- **Raw data**:
⁂
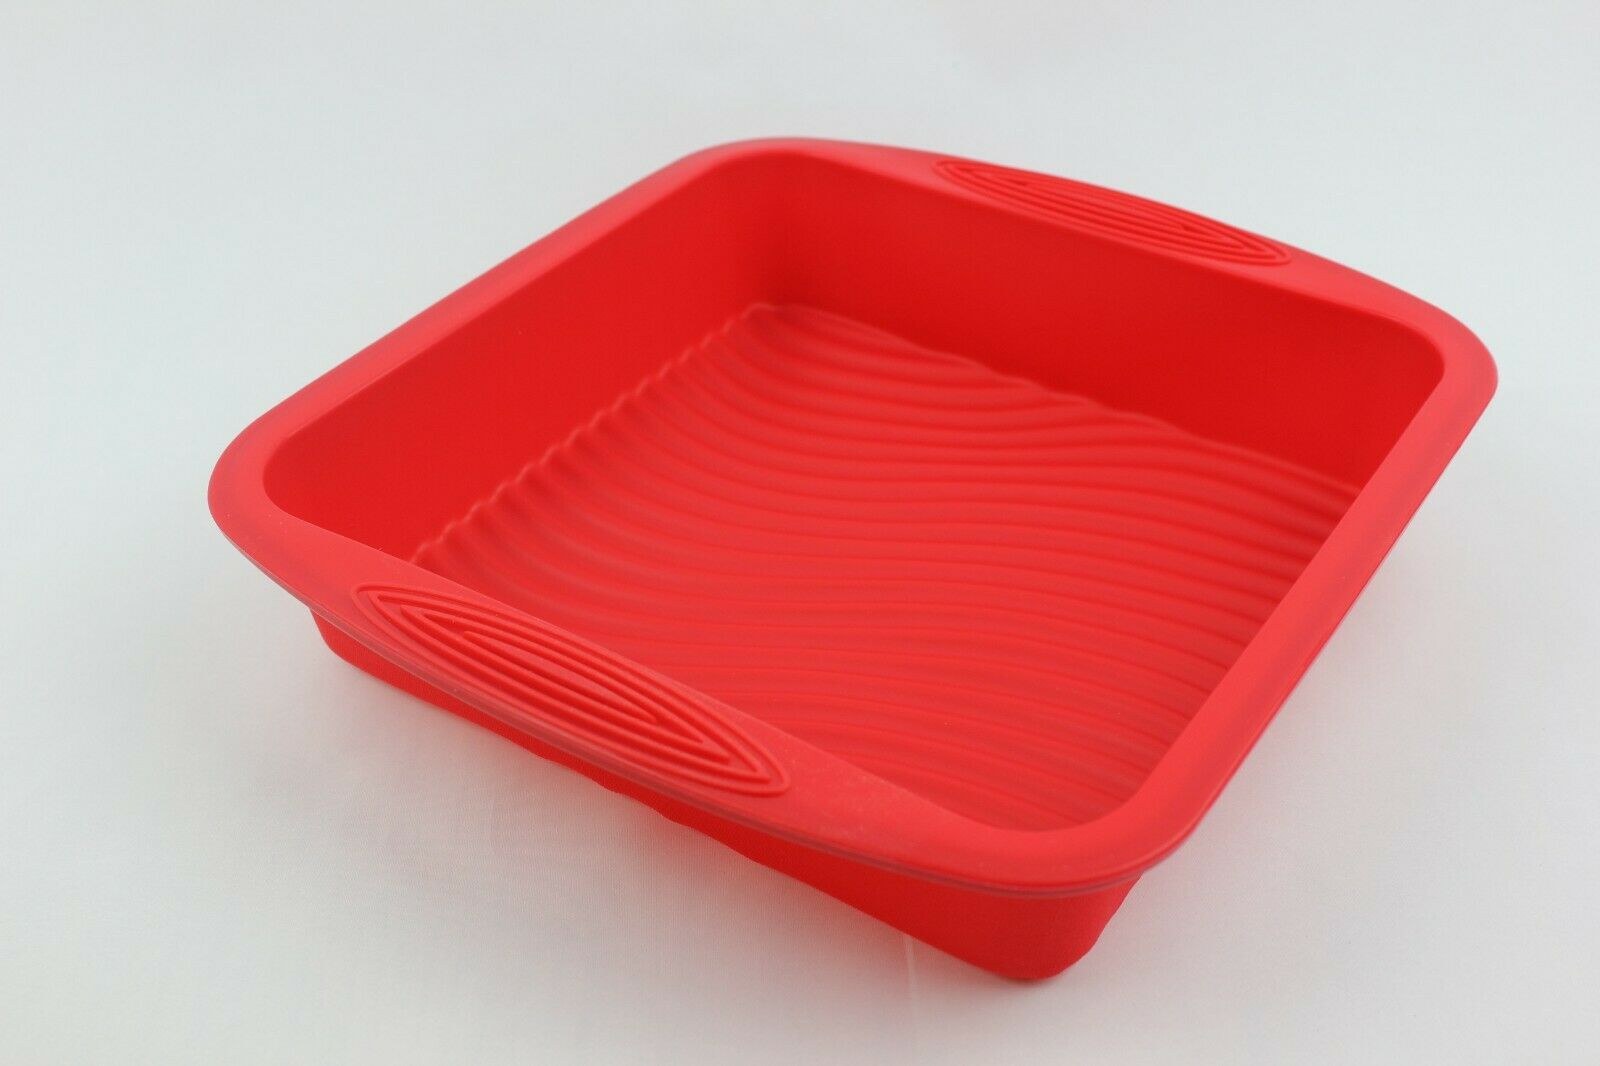 SQUARE 24x24x5cms BROWNIE CAKE BAKING TIN TRAY SET LASAGNE BREAD SILICONE
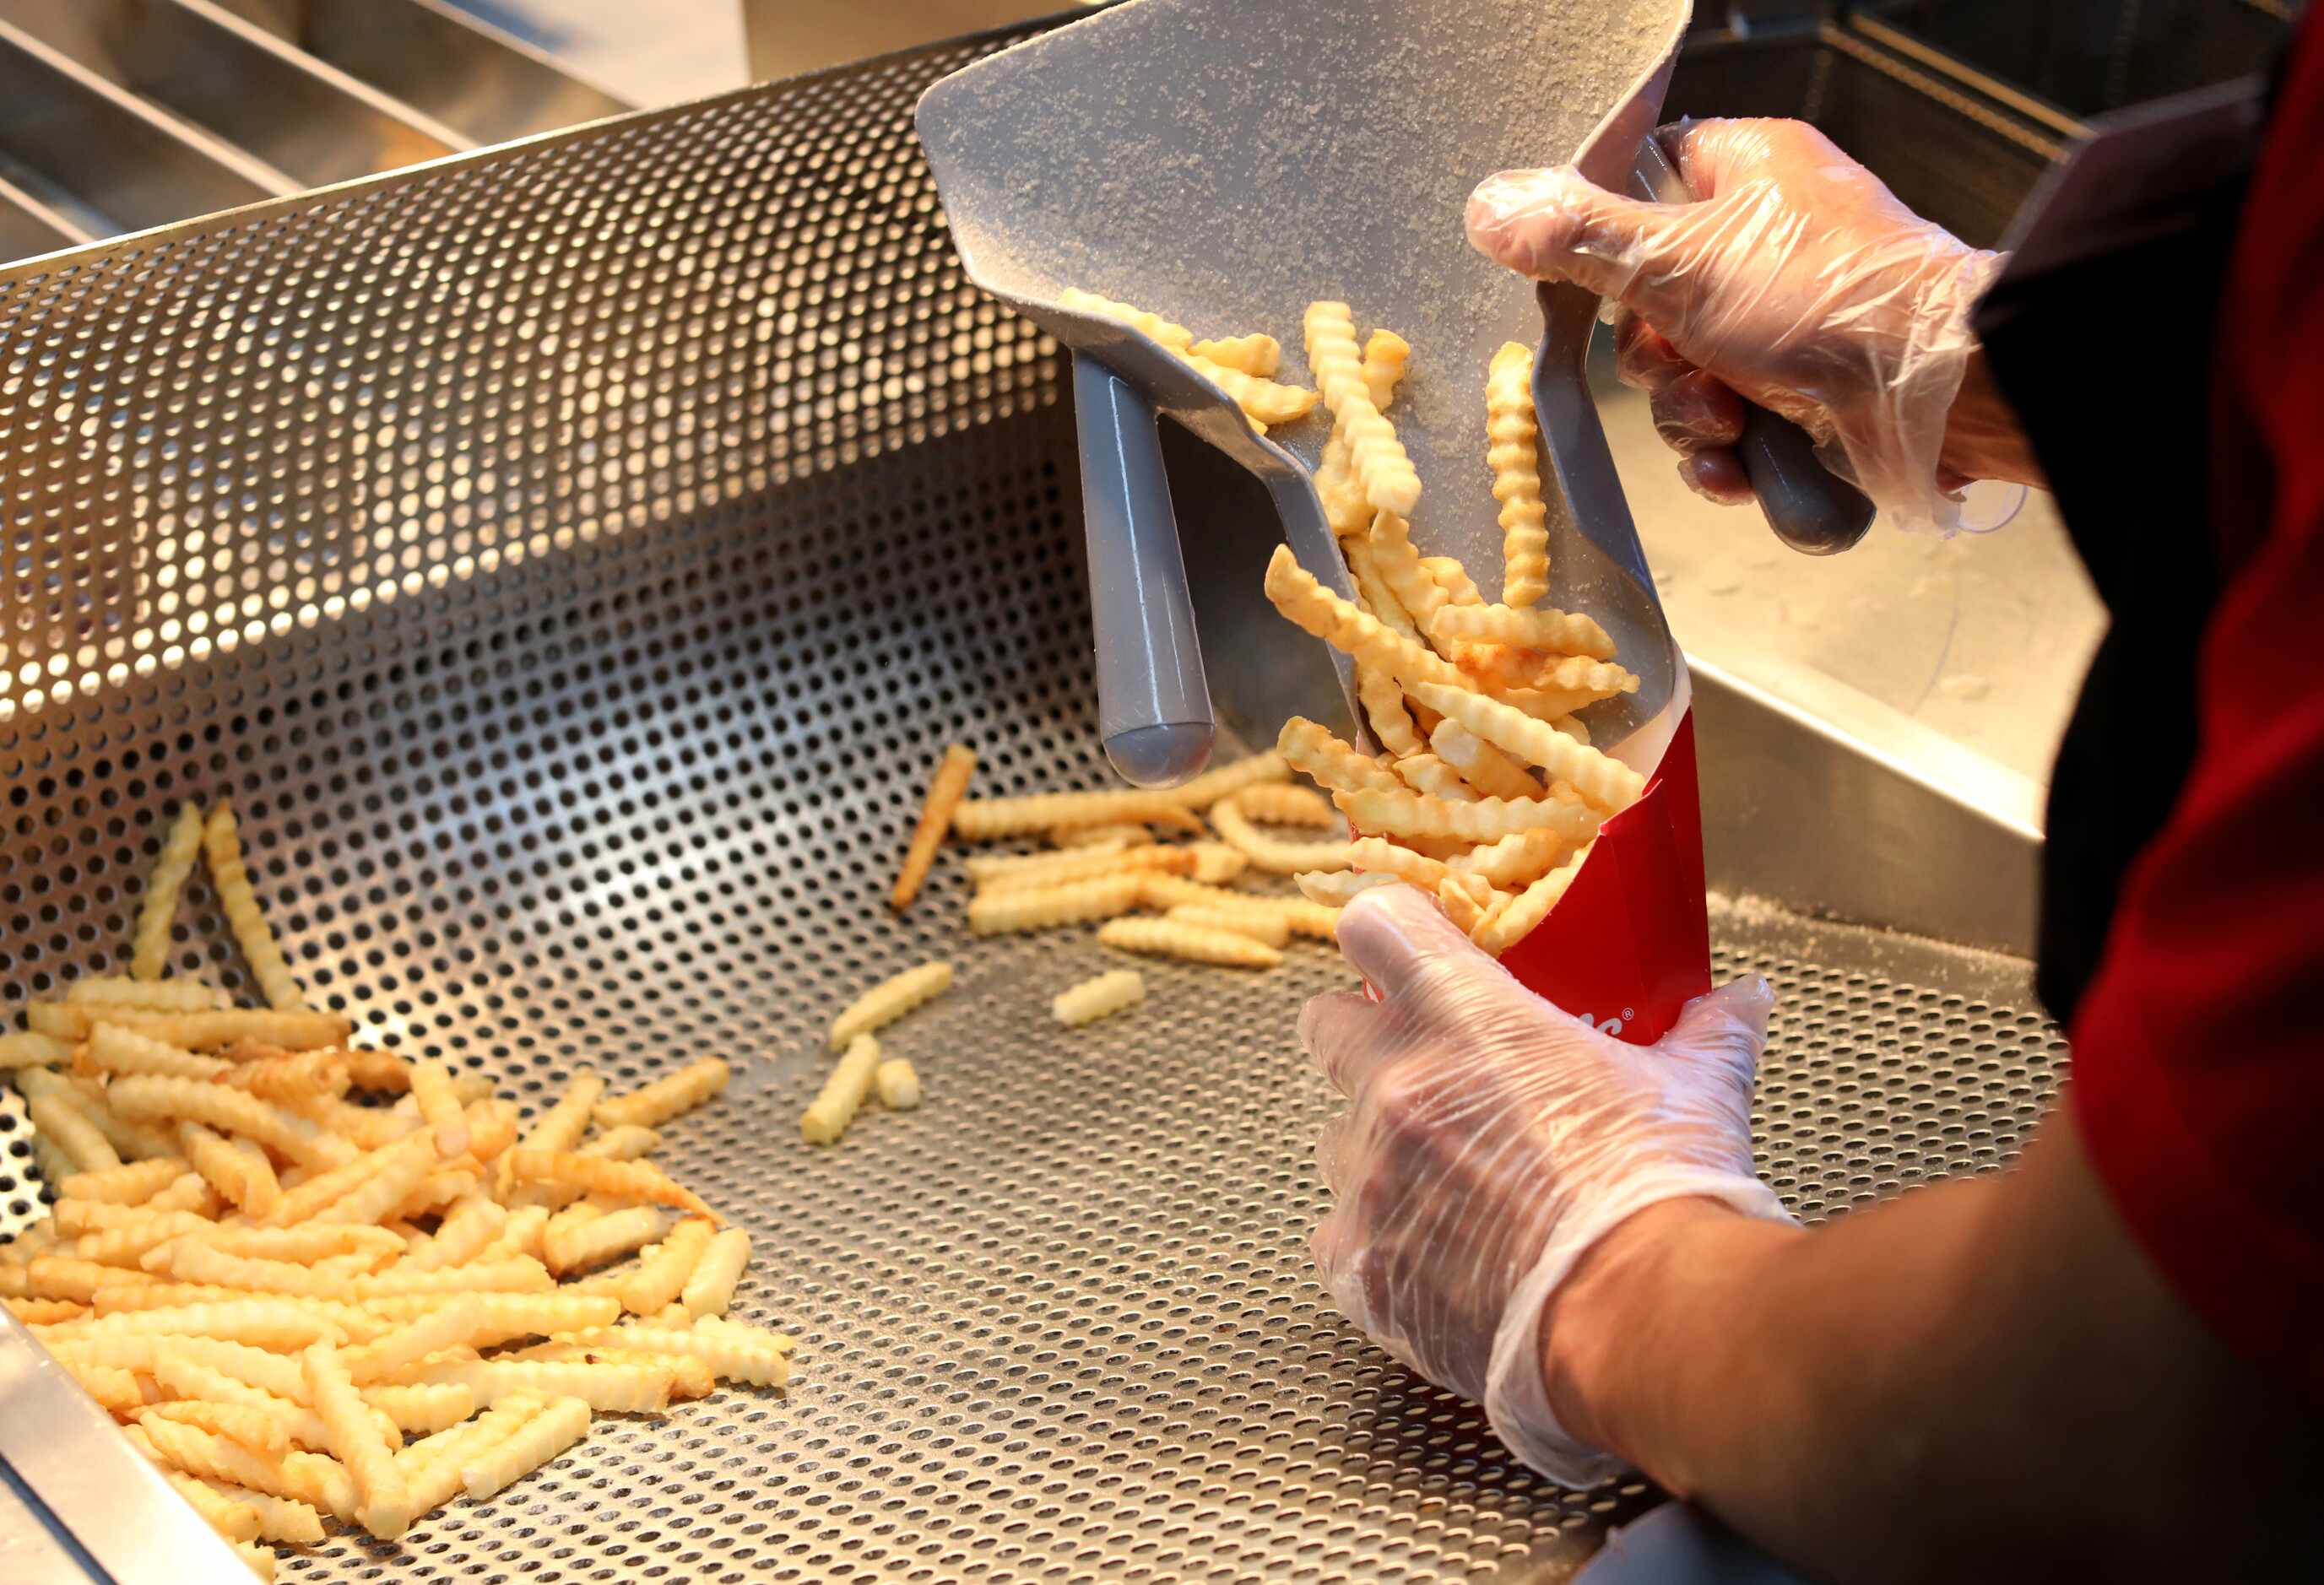 French fry orders are filled as fast as they can be fried at Portillo's in Allen.
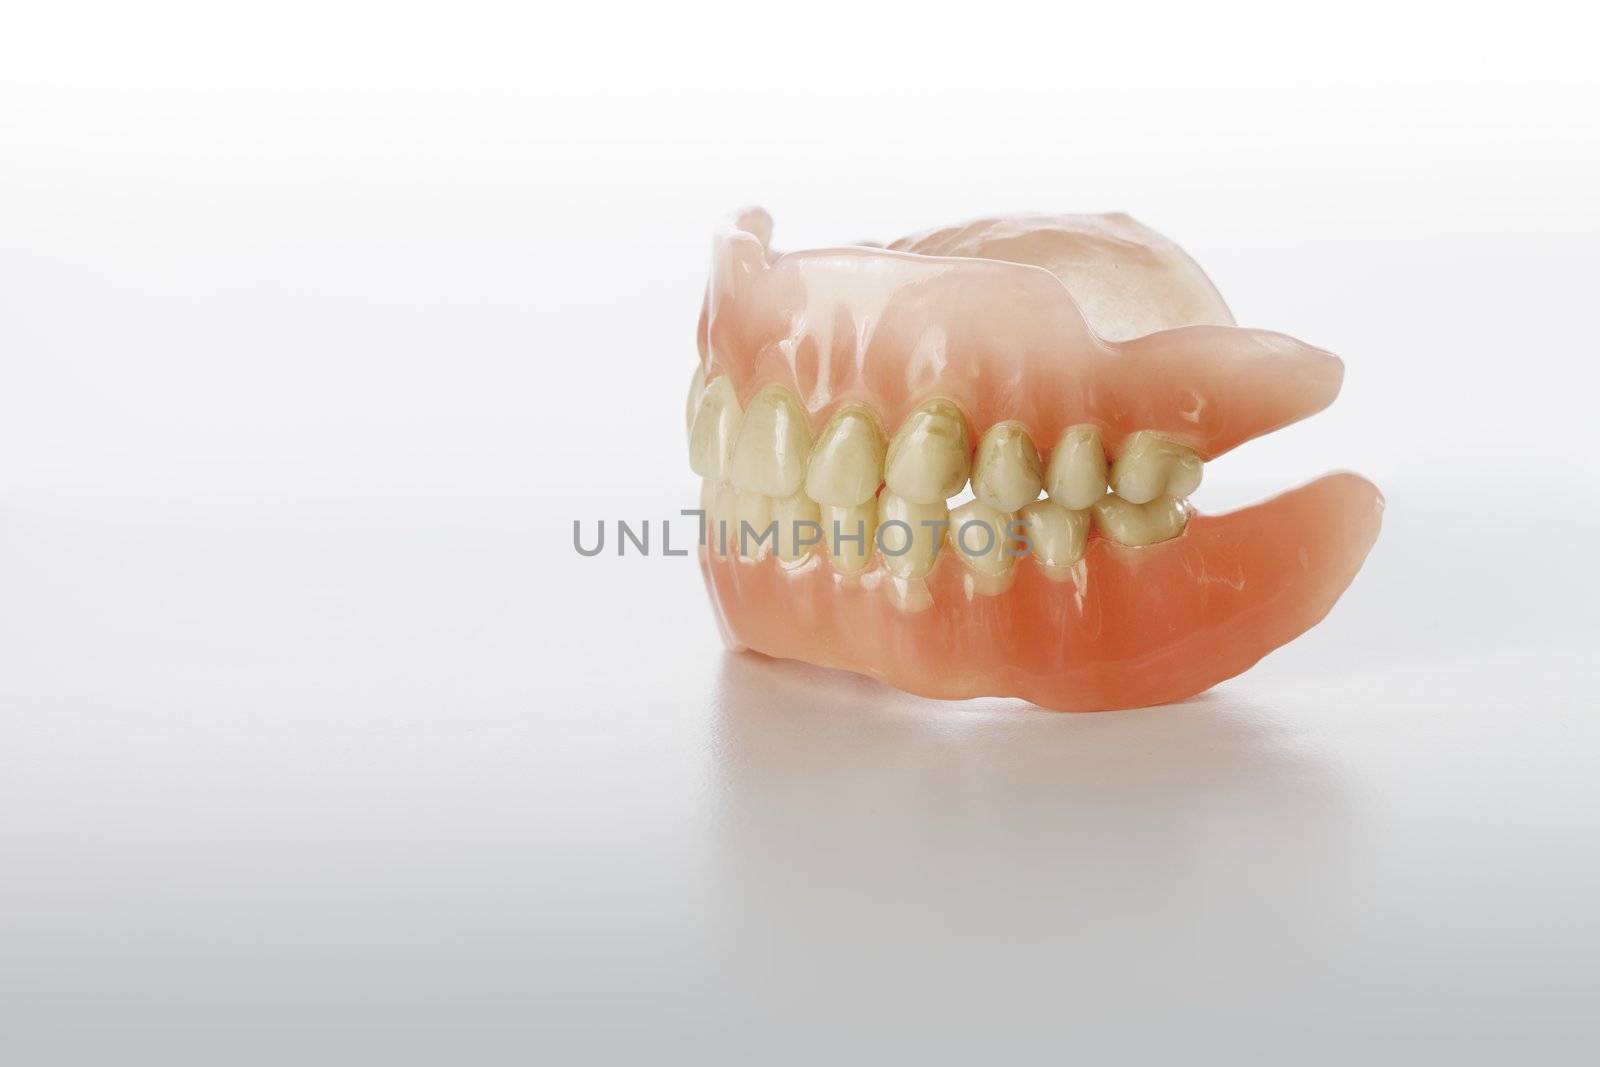 Old Stained Dentures on light grey background.
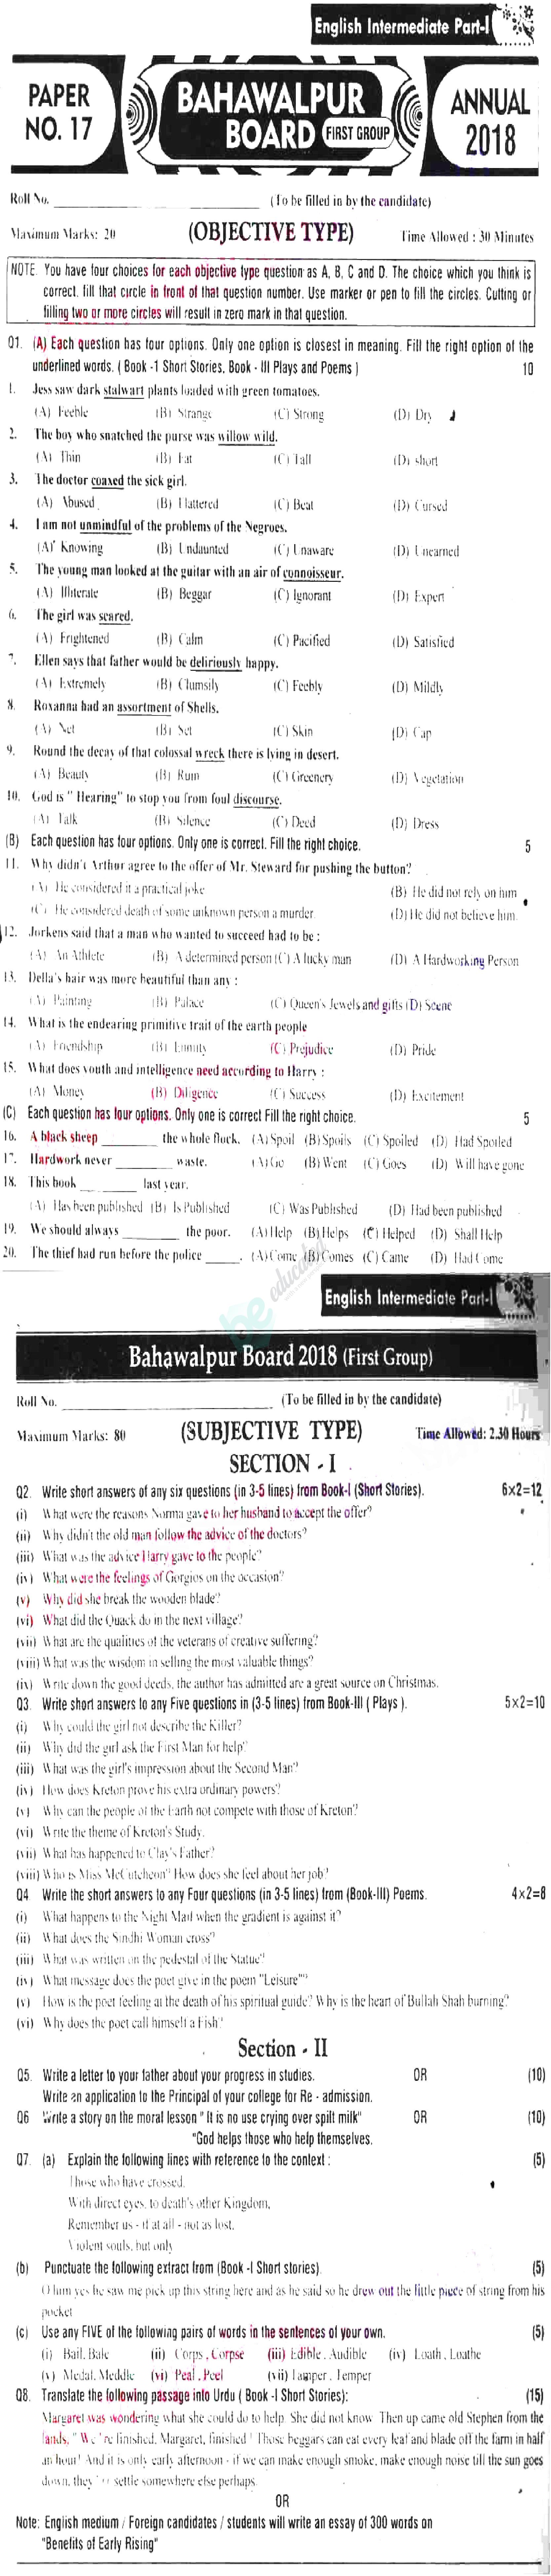 English 11th class Past Paper Group 1 BISE Bahawalpur 2018
⁂
- **What this task involves**: Having located the line with "Old Stained Dentures", transcribe exactly and only the lines from it to the final line of the material, skipping the pictures.

- **Result of the exercise**:
 Old Stained Dentures on light grey background.
 English 11th class Past Paper Group 1 BISE Bahawalpur 2018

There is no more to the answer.